Profit is certainly the gamble entrepreneurs make when investing in creations.
Watt wanted fortune and fame. So did his competitors. Waiting was one of the costs of meeting their demands. Perhaps better to have their inventions later than never?
If “society” wants their fruits, “society” needs to offer them an agreeable benefit (such as money, or fame, or acknowledgement of ” their IP”).
Thanks in advance for your responses!

Peter Cohen January 19, 2009 at 3:10 pm

Tommy Rogers asked: “What becomes of the overall profit motive for creators in the absence of intellectual property rights?”

I can tell you from person experience. For most of the last twelve years I have supported myself and several other people creating videos which were sold on the web. Piracy has reached such rampant proportions in the field I serve as to effectively render Intellectual Property rights moot.

Absent IP rights, the profit motive disappears, ‘entirely’! I am out of business. Everything I have created for the last twelve years is for all intents, worthless, as it is available all over the place for free to anyone unscrupulous enough to not care that they are pirating. Absent IP rights, and the enforcement of those rights, there will soon be NO profit motive for any creative work that can be easily copied in an electronic medium.

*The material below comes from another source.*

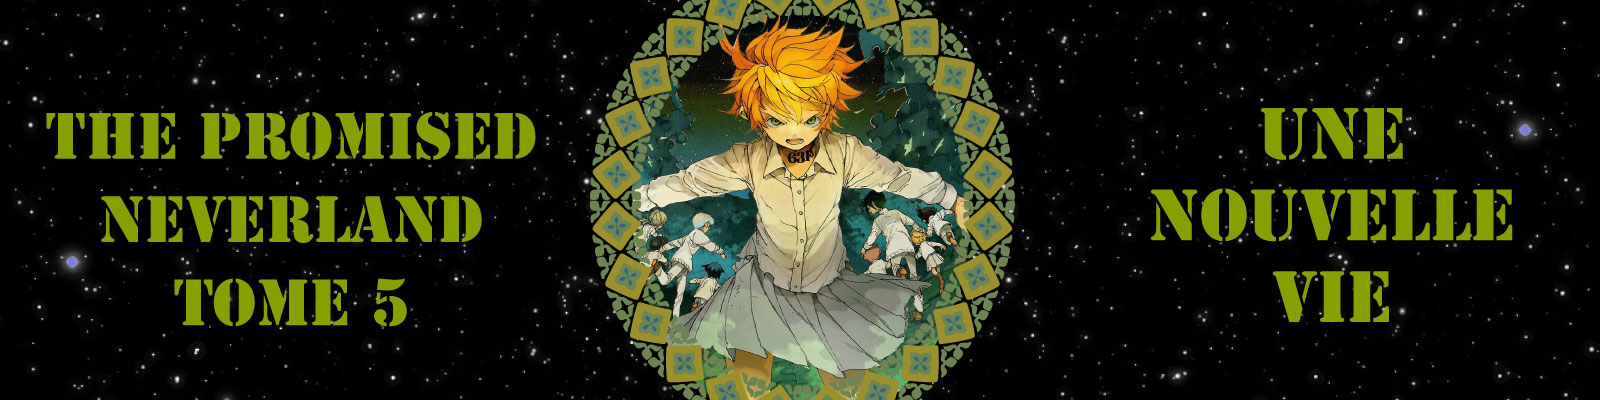 The Promised Neverland Tome 5 Une Nouvelle Vie Esprit Otaku

This is the end of Hollywood, the end of HBO, the end of anything other than the most mediocre ‘reality’ tv. We are entering an age where all creative work will either be old, or amateur. And I am not exaggerating in the slightest.

Of course people will demand that the government do something about the deplorable state of art, and so the government will dutifully step in and levy taxes with which to ‘publicly finance’ government approved art.

Tommy Rogers January 19, 2009 at 4:27 pm

Thanks Mr. Cohen. Your experience certainly supports the position that “a thief acts to destroy the source of that which he desires”. I’d like to hear explanations for any conflicting views on that.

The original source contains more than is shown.